The Aviator concept making its public debut at the New York International Auto Show offers a sneak peek of a production model heading to showrooms soon and resurrects the name of a short-lived model last sold in 2005.
The three-row crossover is set to replace the slow-selling MKT, but is much more than a revamp. The Aviator rides on an all-new rear-wheel-drive unibody platform that puts it in league with many European luxury imports. (You can almost surely expect it to underpin the next generation Ford Explorer, too.)
All-wheel-drive will also be available, of course, and the Aviator is set to be powered by a twin-turbocharged engine that Lincoln hasn’t divulged any more details about yet, except that it you’ll be able to get it with a plug-in hybrid powertrain that will provide some measure of all-electric driving.

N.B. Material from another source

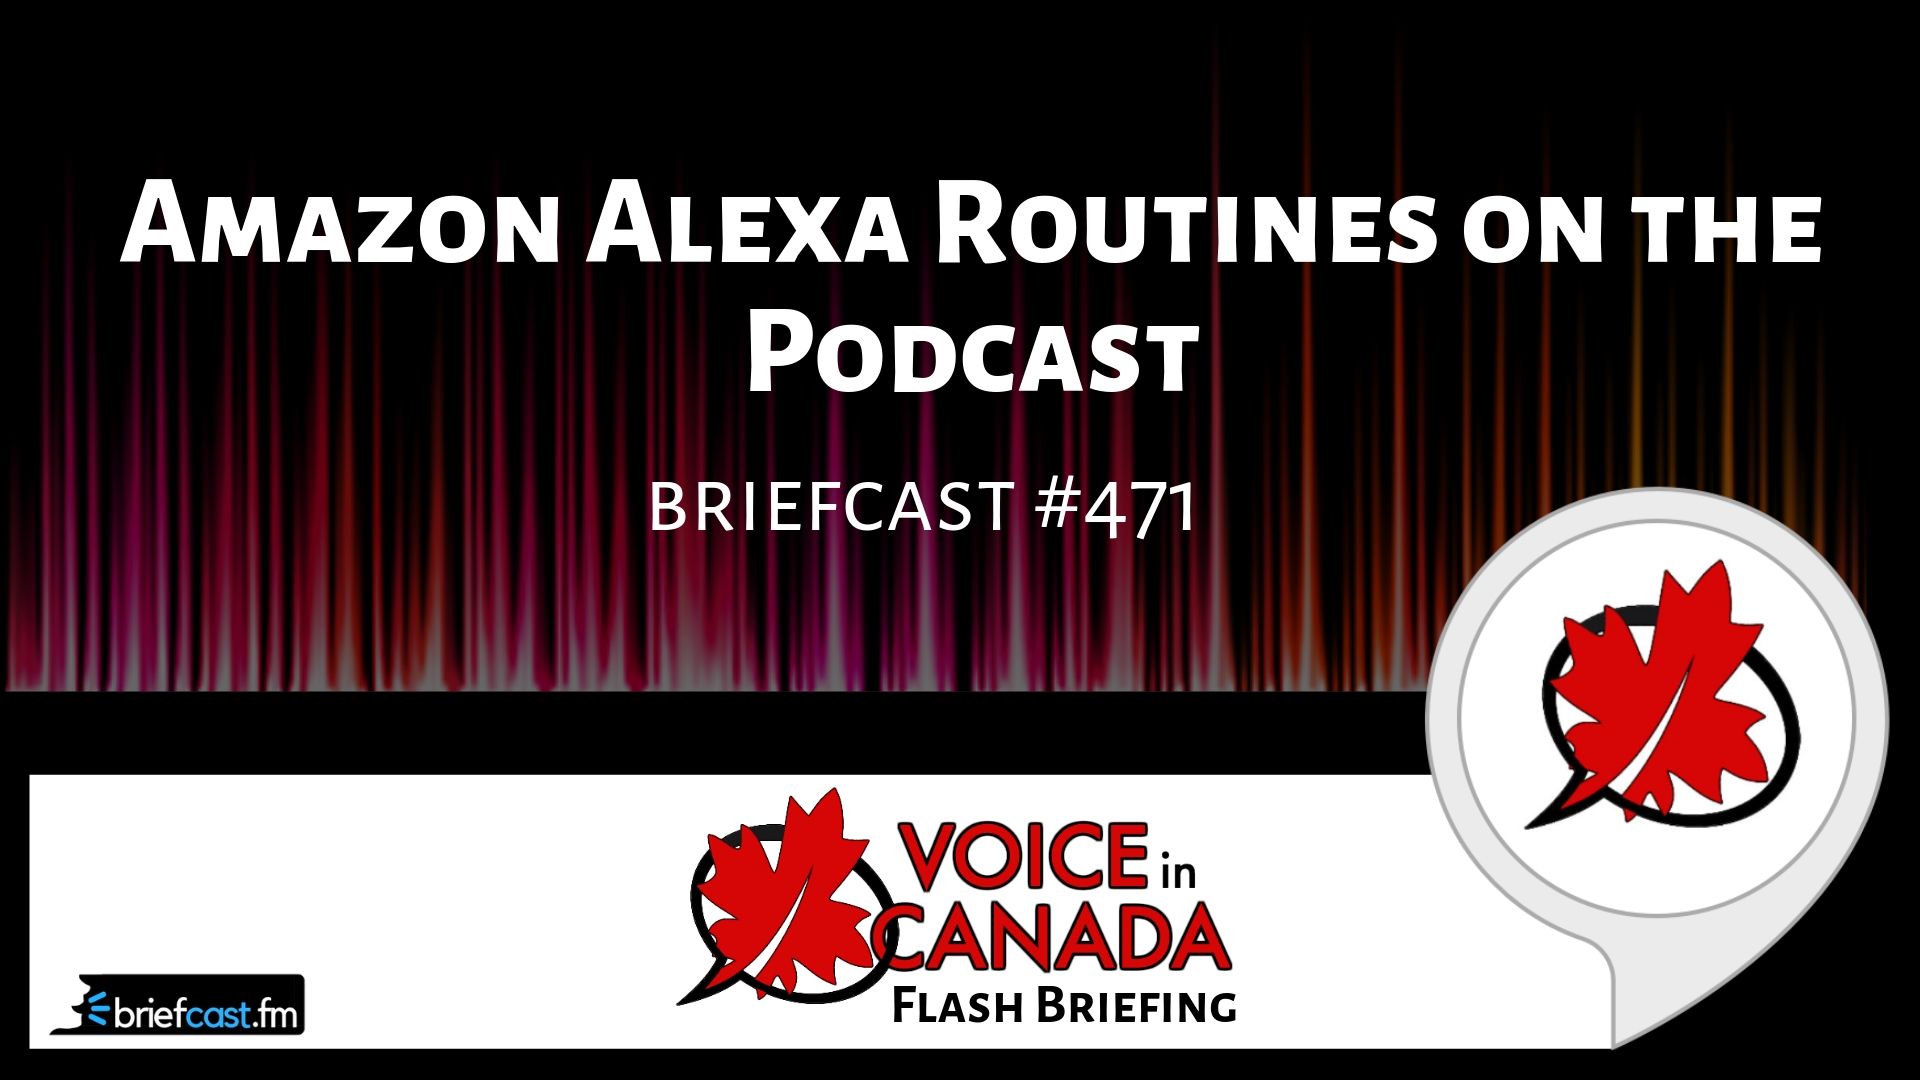 Amazon Alexa Routines on the Podcast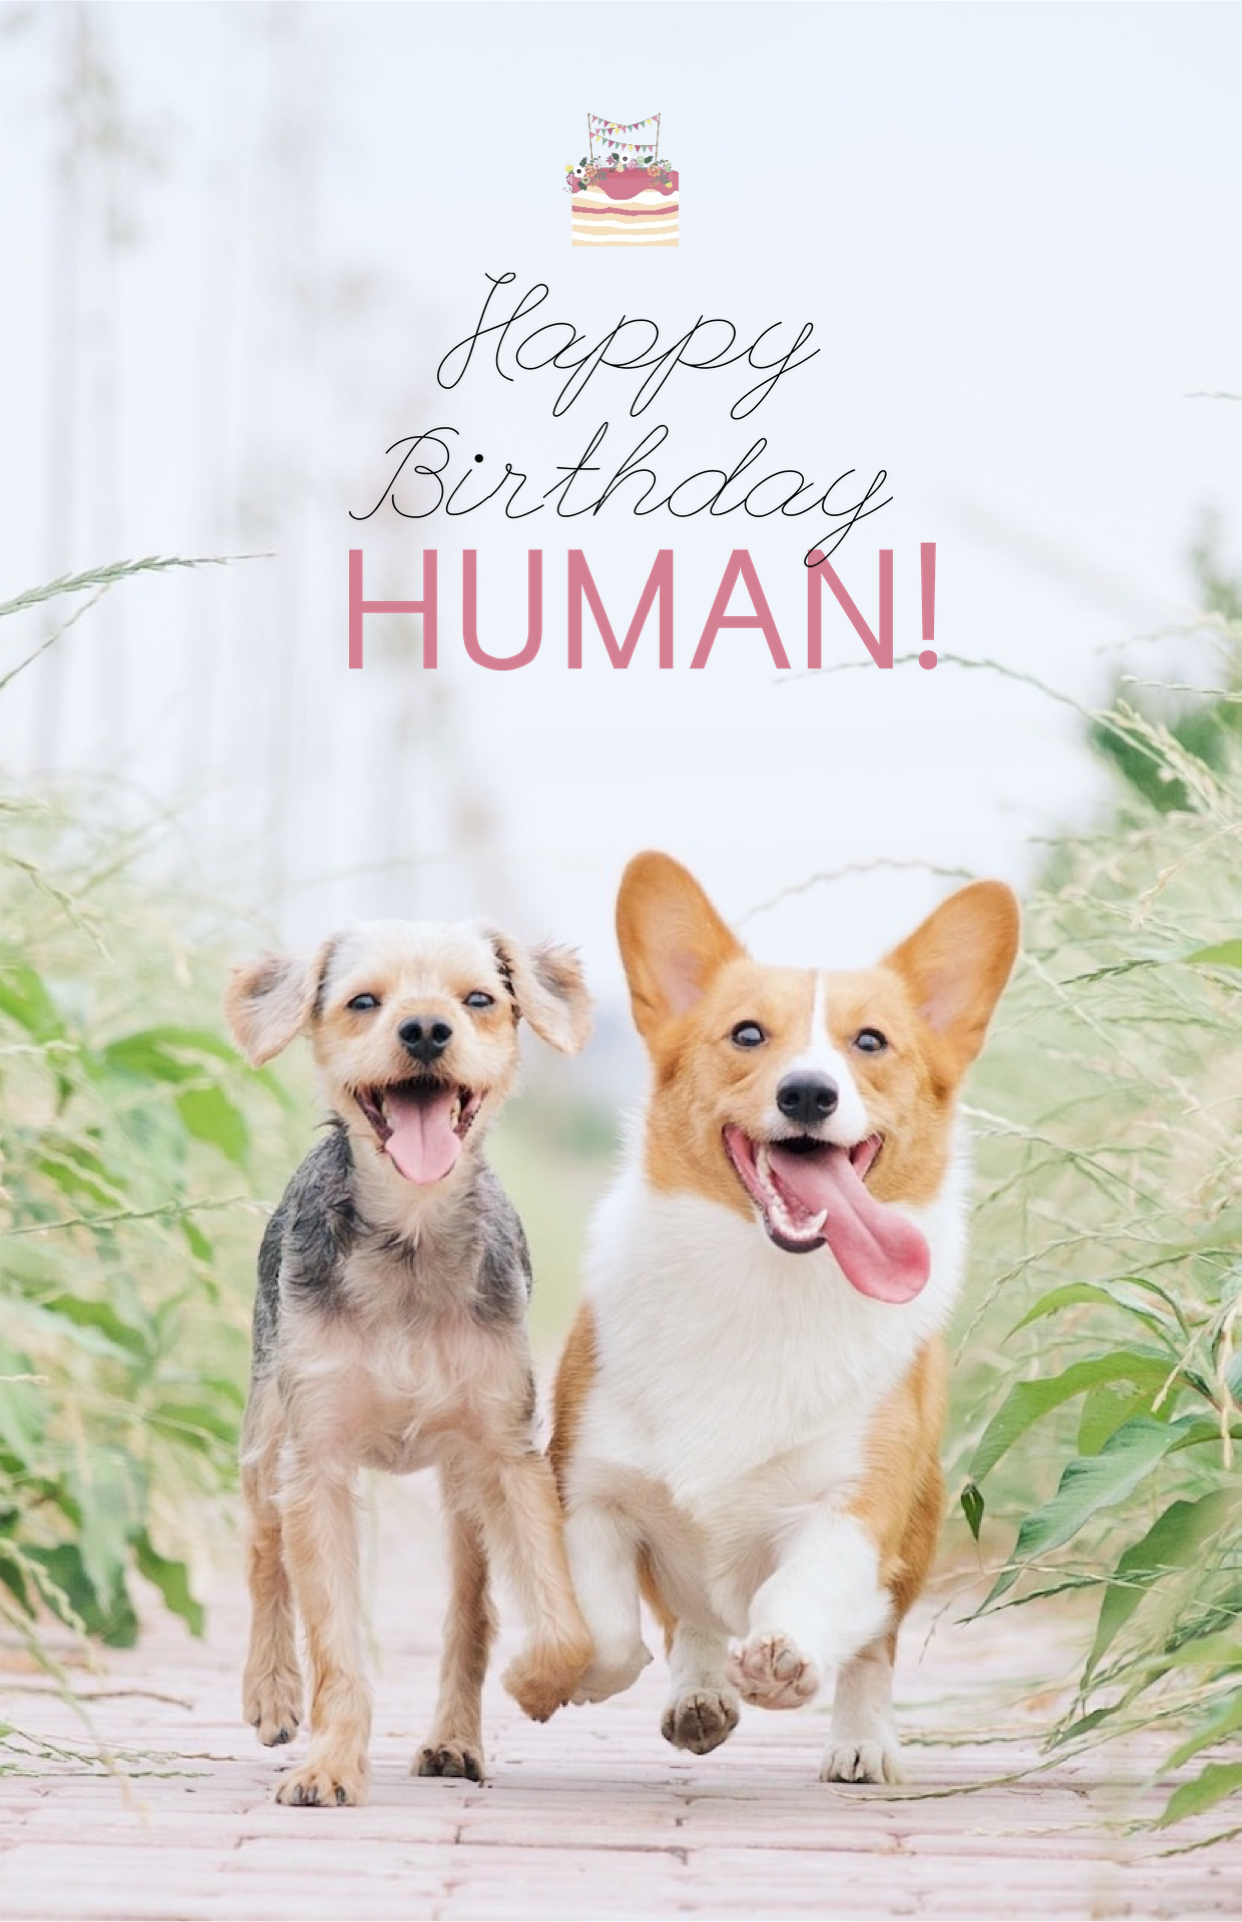 Cute Dogs Wishing Happy Birthday Human Template

There was an X-ray sketch of the Aviator displayed at its media launch event prior to the show that depicted it with an inline-six-cylinder engine, but Lincoln’s head of development, Scott Tobin would not confirm what’s really under the hood.
Although very much an SUV in appearance, the Aviator’s styling was inspired to some degree by its name. Lincoln Design Director David Woodhouse points to the converging roof and rocker lines that create an airfoil-like shape, while the bold front end and tapered greenhouse echoes historic aircraft design.
The interior looks like a scaled-down version of the popular Lincoln Navigator’s, with long horizontal lines on its dashboard that are meant to evoke a calming horizon, a digital instrument cluster and a large floating infotainment display at the top of the center console. The brand’s signature 30-way adjustable massaging seats are available in the front row, and there is ample legroom in the two behind it.
A Co-Pilot360 safety system includes automatic emergency brakes, lane keeping assist and other driver aids, and the Aviator will be the first Lincoln with a front-mounted camera that scans the road for bumps and gives the computer-controlled suspension a heads up so it can be ready to deal with them.
One of the Aviator’s key features, however, is that you won’t need a key to drive one. At least not in the traditional sense. Instead, you’ll be able to use Lincoln’s Phone as Key technology, which uses an app that allows you to not only unlock the car, but also start it even if you don’t have your keyfob with you. You’ll also be able to text a valet a temporary key, and if your phone dies a backup system lets you use a keypad on the door to enter the vehicle where you can enter another code to start it and drive away.
Pricing for the Aviator has not been revealed, but it will likely slot into the lineup above the Nautilus with a starting price around $45,000 when it goes on sale next year.